▶ [TASK ITEM] Go through the listing below and return each line that includes "casas".

▶ [SUPPLIED MATERIAL]
---*---
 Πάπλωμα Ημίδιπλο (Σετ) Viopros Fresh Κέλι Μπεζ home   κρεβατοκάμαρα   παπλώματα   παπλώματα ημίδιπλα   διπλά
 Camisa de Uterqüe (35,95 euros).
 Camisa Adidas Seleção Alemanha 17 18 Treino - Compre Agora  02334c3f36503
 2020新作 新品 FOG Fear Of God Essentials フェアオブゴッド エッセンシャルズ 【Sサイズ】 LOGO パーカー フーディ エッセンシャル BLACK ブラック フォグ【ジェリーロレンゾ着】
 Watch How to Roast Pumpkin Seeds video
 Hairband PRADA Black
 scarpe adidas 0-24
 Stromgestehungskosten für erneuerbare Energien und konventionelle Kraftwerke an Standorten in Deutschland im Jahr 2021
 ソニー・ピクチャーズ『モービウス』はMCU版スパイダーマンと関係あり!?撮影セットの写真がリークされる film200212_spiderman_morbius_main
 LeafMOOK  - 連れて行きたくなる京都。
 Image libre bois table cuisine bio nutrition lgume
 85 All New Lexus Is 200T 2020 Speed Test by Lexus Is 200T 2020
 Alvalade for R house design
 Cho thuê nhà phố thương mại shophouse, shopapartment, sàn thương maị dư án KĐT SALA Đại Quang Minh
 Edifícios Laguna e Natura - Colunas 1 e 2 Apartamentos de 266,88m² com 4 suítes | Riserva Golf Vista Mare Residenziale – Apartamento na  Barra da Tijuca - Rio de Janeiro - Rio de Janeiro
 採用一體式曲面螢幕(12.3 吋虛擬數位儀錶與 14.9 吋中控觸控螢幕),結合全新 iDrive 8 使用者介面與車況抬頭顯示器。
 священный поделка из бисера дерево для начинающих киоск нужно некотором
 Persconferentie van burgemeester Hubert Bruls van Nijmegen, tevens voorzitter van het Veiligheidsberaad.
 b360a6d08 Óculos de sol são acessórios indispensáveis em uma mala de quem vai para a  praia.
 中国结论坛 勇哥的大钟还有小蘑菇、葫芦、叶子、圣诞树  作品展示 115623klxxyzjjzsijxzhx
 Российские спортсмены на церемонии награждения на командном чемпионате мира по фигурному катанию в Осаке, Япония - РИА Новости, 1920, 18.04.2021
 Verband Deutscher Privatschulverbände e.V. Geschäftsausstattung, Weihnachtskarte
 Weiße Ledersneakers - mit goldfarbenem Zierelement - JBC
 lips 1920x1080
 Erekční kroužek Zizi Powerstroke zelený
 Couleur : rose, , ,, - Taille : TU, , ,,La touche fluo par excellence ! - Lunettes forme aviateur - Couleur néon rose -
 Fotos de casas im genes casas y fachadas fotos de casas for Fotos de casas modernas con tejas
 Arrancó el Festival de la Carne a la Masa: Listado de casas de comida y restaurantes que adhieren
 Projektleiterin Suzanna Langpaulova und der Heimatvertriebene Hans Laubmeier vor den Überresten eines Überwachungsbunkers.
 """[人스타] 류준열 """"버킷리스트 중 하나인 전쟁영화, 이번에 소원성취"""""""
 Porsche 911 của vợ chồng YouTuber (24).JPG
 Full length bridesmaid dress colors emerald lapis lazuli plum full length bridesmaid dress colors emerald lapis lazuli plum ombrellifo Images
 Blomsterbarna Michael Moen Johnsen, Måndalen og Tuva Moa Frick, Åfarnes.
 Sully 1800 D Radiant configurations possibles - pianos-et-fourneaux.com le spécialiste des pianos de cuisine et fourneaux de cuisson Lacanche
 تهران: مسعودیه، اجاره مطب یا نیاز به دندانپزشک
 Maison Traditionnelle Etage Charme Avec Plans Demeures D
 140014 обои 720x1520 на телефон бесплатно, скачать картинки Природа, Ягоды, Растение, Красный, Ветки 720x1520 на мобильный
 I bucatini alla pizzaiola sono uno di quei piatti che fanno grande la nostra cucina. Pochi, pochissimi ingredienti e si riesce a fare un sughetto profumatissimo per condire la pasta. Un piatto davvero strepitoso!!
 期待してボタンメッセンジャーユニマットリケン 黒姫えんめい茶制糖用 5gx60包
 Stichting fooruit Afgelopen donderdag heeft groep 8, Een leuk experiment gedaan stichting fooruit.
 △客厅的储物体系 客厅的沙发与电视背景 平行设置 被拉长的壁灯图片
---*---
▶ [SOLUTION BELOW]
 Fotos de casas im genes casas y fachadas fotos de casas for Fotos de casas modernas con tejas
 Arrancó el Festival de la Carne a la Masa: Listado de casas de comida y restaurantes que adhieren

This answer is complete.